3. Эвакуация Омска

We use cookies. Read the Privacy and Cookie Policy

Владивостокские события произошли в дни тяжелого кризиса для омской власти, наступившего с момента эвакуации Омска. Как бы оправдались слова Колчака, считавшего необходимым защищать Омск до последней возможности. Задержка с эвакуацией Омска — возражают на это — была пагубной ошибкой. Она окончательно разрушила фронт и повела к гибели армии. Плохие советчики вновь толкнули Колчака на неверный путь. Не сказывается ли здесь больше попытка найти виновника последовавшей катастрофы? Вся Сибирь стала обвинять в неудаче преемника Дитерихса ген. Сахарова, который якобы внушил адмиралу пагубную мысль. Эта «традиционная» точка зрения — таковые уже имеются — вновь нашла себе выражение в тексте Милюкова [с. 144—145]. «Традиционное» изложение требует, однако, существенных поправок.

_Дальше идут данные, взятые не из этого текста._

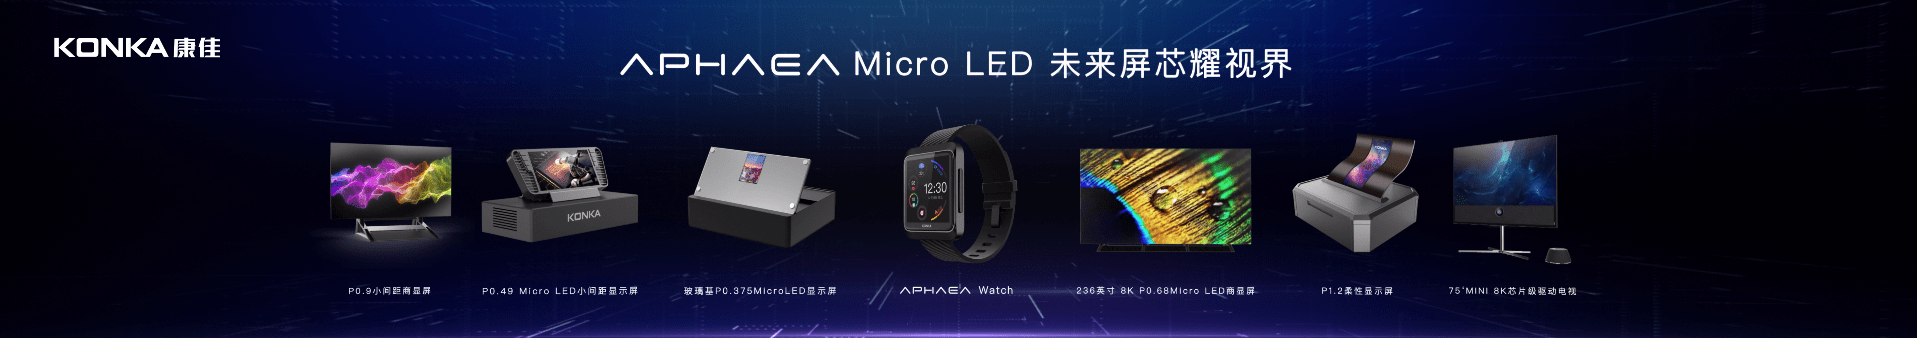 创新|2020重庆Micro LED产业创新论坛开启 康佳APHAEAMicro LED未来屏产品矩阵展出

Бар. Будберг имел в августе свой рецепт.

«Третьего дня, — записывает он 5 августа, — в кабинете председателя Совета министров я очень осторожно начал разговор о своевременности подумать о переезде на восток, но на меня накинулись так, как будто я говорю нечто недопустимое; особенно горячился искренний, решительный и импульсивный Пепеляев... Ответил им, что остаюсь при старом мнении, так как считаю, что лучше переехать заблаговременно, чем в обстановке общего пожара... Нужно думать... о том, чтобы бросить бредни о наступлении, а перейти к обороне на укрепленных позициях до тех пор, пока не укрепимся настолько, чтобы иметь действительное право на наступление» [XV, с. 258].

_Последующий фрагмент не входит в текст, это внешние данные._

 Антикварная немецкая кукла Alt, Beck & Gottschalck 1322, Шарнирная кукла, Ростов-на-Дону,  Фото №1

По Будбергу, Колчак как бы всегда полон «наступательными тенденциями». Между тем любопытное свидетельство имеем мы от ген. Занкевича: «Мне известно, что адмирал хотел начать эвакуацию Омска еще в конце июля. Эта мысль, однако, встретила решительную оппозицию в Совете министров» [«Белое Дело». II, с. 150]. Вопреки «своему убеждению», Верховный правитель мысль о своевременной подготовке эвакуации Омска оставил. В этом смысле давление прежде было оказано со стороны союзников.

Ген. Занкевич, очевидно, имеет в виду заседание Совета министров 8 августа, о котором имеется такая запись Будберга:

«Продолжительное заседание Совета министров с вызовом туда Лебедева и всех генерал-квартирмейстеров. До начала заседания поднял вопрос об эвакуации Омска, указав, что таково общее желание фронта... Получил ответ, что часто категорически против сам адмирал и все союзники, которые-де считают, что отъезд Правительства из Омска — это его гибель и что таково мнение всех знающих настроение Сибири... Тон совещания был дан Михайловым, который с огромным пафосом... заявлял, что отъезд Правительства из Омска невозможен... Слушал в полном недоумении: какой злой рок отнимает у очень неглупых и по-своему дельных людей здравый смысл в таком серьезном деле» [XV, с. 261].

Никаких данных о том, как смотрел сменивший Лебедева Дитерихс на своевременную эвакуацию Омска, у нас нет. Мы знаем только, что даже в октябре Дитерихс был настроен весьма оптимистически [дневник Пепеляева]. И только после новых неудач, т. е. в момент крушения плана, Дитерихс поднимает вопрос о спешной эвакуации Омска, против чего уже решительно возражает Верховный правитель. Он считает эвакуацию в такой момент началом гибели всего дела. Отступить в глубь страны, окопаться в Новониколаевске или даже в Иркутске под защитой союзников — вот план Дитерихса, горячо поддерживаемый ген. Иностранцевым. К сожалению, воспоминания Иностранцева — я имел возможность с частью их познакомиться в рукописи — еще не напечатаны. В записках Иностранцева довольно обстоятельно изложены беседы с Колчаком и развита взаимная аргументация. Оставление Омска, по мнению Колчака, равносильно проигрышу всей кампании (это и физически невозможно — нужны месяцы). Эвакуация приведет к падению Правительства. Колчак мотивирует соображением, что в переживаемый момент политика должна стоять выше стратегии. Не он ли был прав в данном случае? Ген. Иностранцев убежден, что осуществление его плана предотвратило бы катастрофу. Неужели неделя, протекшая с момента разговора до оставления Омска, могла быть столь решающей? Если принять точку зрения Какурина, что на Тоболе была уже решена судьба армии Колчака, — точку зрения, в значительной степени разделяемую, кажется, Головиным, то позиция Колчака как будто бы была единственно правильной.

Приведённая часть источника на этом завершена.